S3 Curator delete process slow - Is this a bad idea?

We have a backup process using curator that is backup to S3, unfortunately, the delete job for the snapshots has not been processed. Deleting from curator is very slow for s3 and reading on the forums this is caused by the number of snapshots and should get faster as we delete more. Currently, though, this is a years worth of data and about 16tb of data.

I am wondering if it would be better to create a new S3 bucket and create a new snapshot location for that bucket. (Set the delete curator correctly this time)

Run the backups for the next 20 days to get back to a standard coverage of backups then.

Then delete the snapshot location in elasticsearch which I don’t believe will delete the data in S3 (but I am not sure). I.e delete /_snapshot/myoldbackuplocation

Then set S3 lifecycle rules to delete the data off the old bucket.

Is this an acceptable solution? Or will Elasticsearch still have problems with me removing the snapshot? From what I can read this should work and potentially is the quickest and cheapest way to solve the problem.

Maybe the second dumb question of the day is are _snapshot locations treated individually in elasticsearch so they don’t look at another _snapshot location and mix the backups files for restoring the data in the future?

Any advice or clarity would be great, many thanks.

I am running on elasticsearch 6.8.2.1 at present so pretty old cluster setup.

Yes, I 100% recommend this exact process.

Much of the slowness of snapshot delete has long since been corrected in Elasticsearch 7.x (over the course of several releases), but you are definitely correct. It's better to create a new bucket, new repository to that bucket, and set up procedures to work better there if you're still on 6.x.

Mostly sounds good, except this bit:

Then set S3 lifecycle rules to delete the data off the old bucket.

The blobs in the repository are all inter-dependent but lifecycle rules don't know about these dependencies, so the first time the lifecycle rule deletes a blob it will unrecoverably break the repository. I'd recommend just deleting the repo contents completely when you don't need them any more.

I am running on elasticsearch 6.8.2.1 at present so pretty old cluster setup.

Yeah there's definitely been improvements to delete speed in more recent clusters. Also SLM is now built in so you don't need a separate curator process to do periodic backups any more.

Thank you both for your response. @theuntergeek and @DavidTurner

David, I am planning on removing the old snapshot repo with a command of

delete /_snapshot/myoldbackuplocation

/_snapshot/myoldbackuplocation -> Points to bucket1 on s3

Create a new snapshot location pointing to a different bucket.
/_snapshot/newonebackuplocation -> Points to bucket2 on s3

Then my lifecycle rule with empty the bucket1 and clean it up.

My assumption are that _snapshot/newonebackuplocation is independent of the old one /_snapshot/myoldbackuplocation

So basically as long as my assumption is correct that _snaphot repos are independent of each other then this should work. But that is my core question, which is sounds like you are saying they are not @DavidTurner ?

Just to clarify also I am not planning on using lifecycle rules on the new bucket / repo location.
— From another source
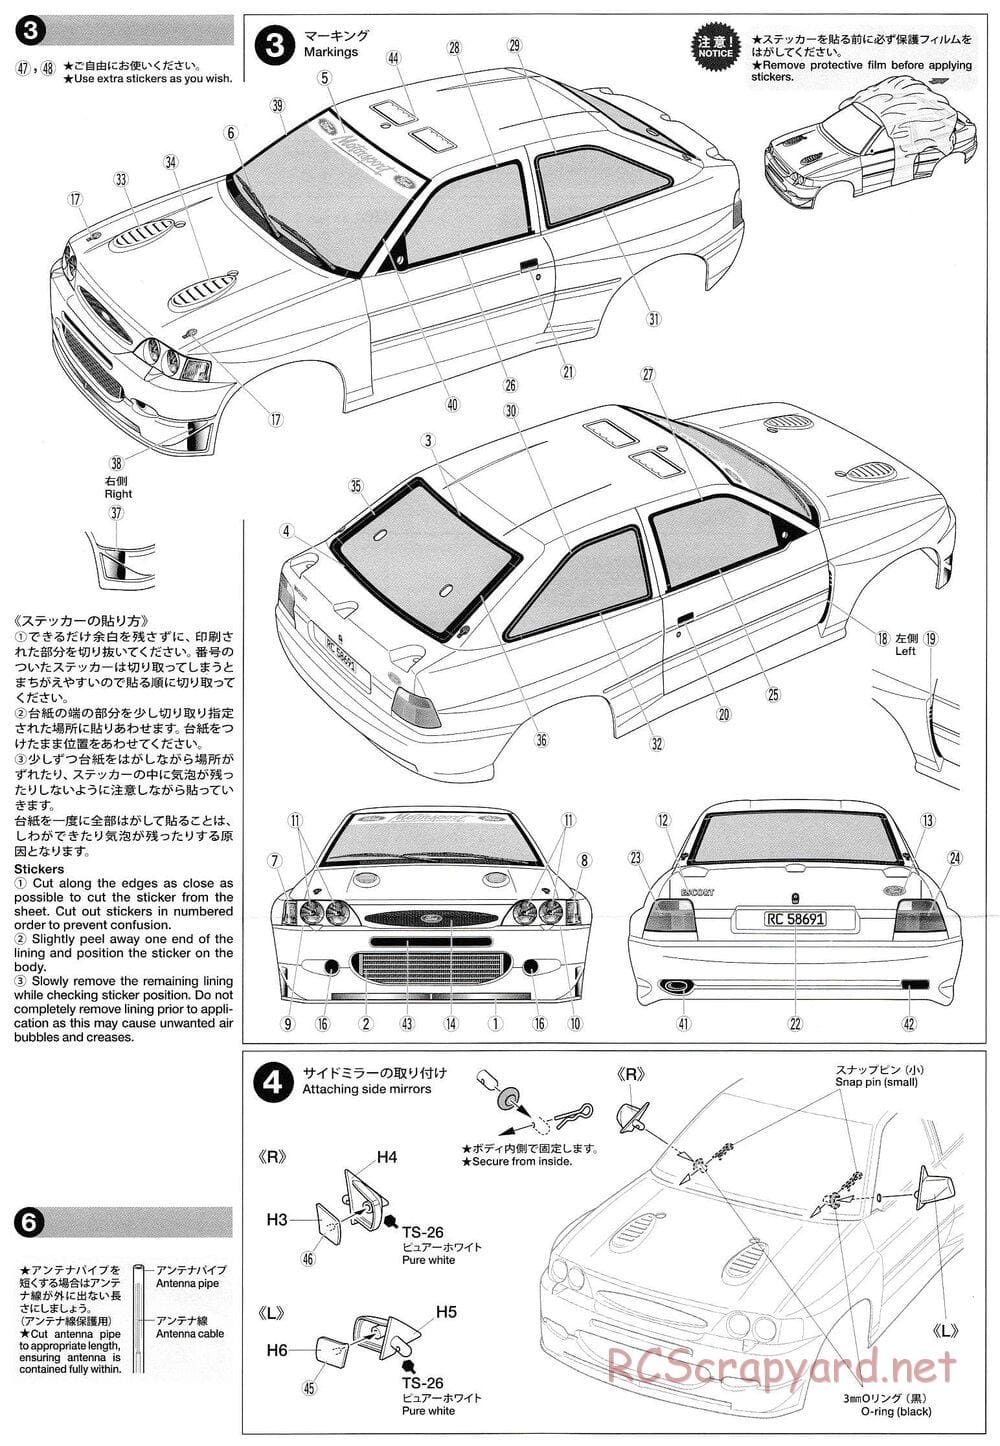 Tamiya - 1998 Ford Escort Custom - TT-02 Chassis - Body Manual - Page 4

I am planning on using curator as you normally do. I understand if I ran lifecycle rules on my bucket2 with the new bucket it would be tears. :wink: I just need to clean the bucket out of 16tb and delete it.
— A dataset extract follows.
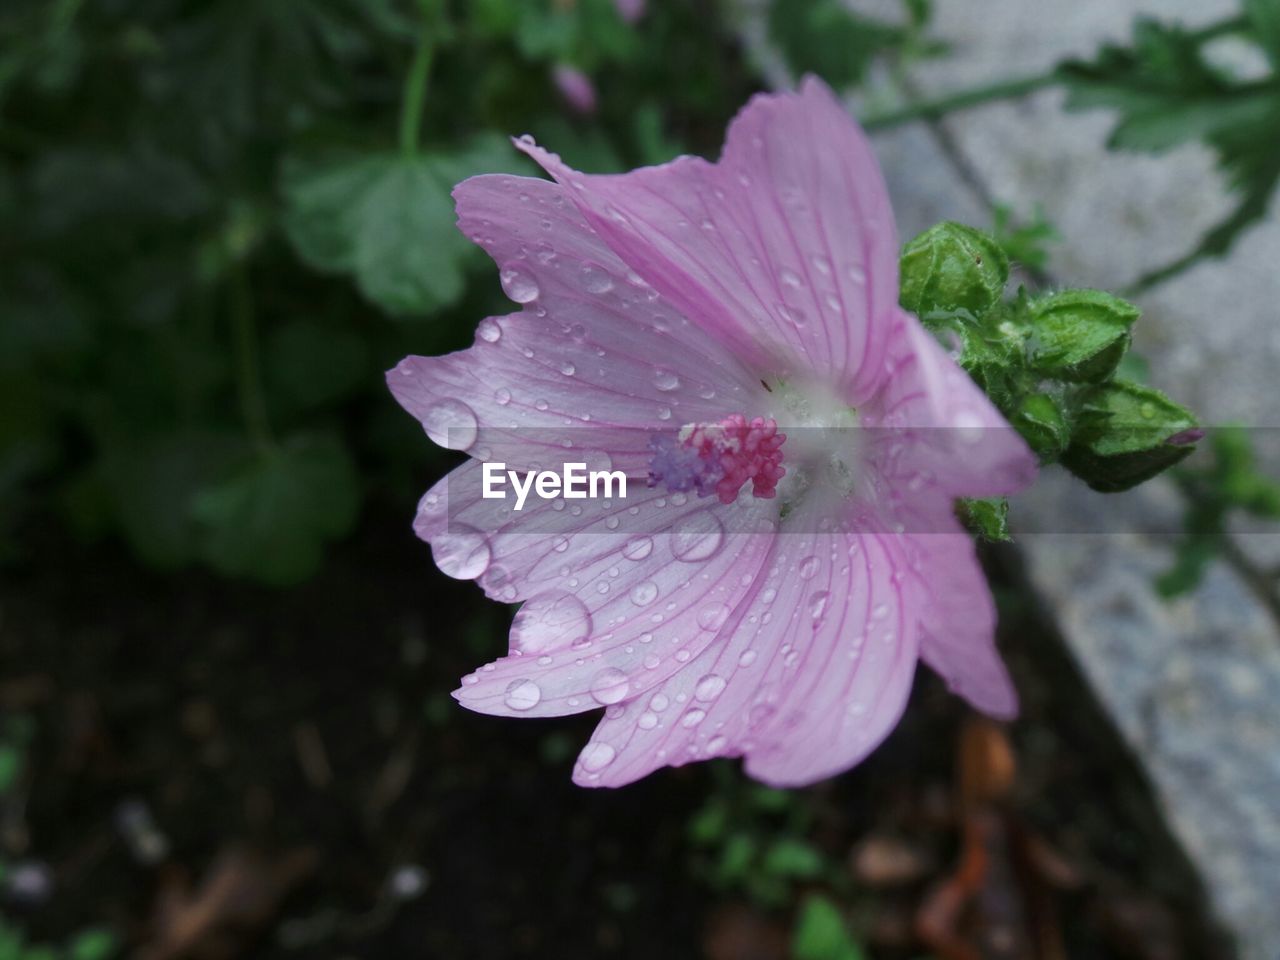 Dew drops on pink flower in garden

Don't "clean" myoldbackuplocation. Wait for newonebackuplocation to reach your retention period, then delete the myoldbackuplocation repository, and then just wholly delete bucket1 using S3 (not Elastic).

1 Like

@theuntergeek that is the current plan of attack, on the idea that elasticsearch snapshot repos are independent of each other which I believe they are. But I am not 100% :wink:

They are.

@DavidTurner / @theuntergeek thank you so much for your help. I live in London if I ever bump into you both I will buy you a beer/coffee/doughnuts :wink:

This topic was automatically closed 28 days after the last reply. New replies are no longer allowed.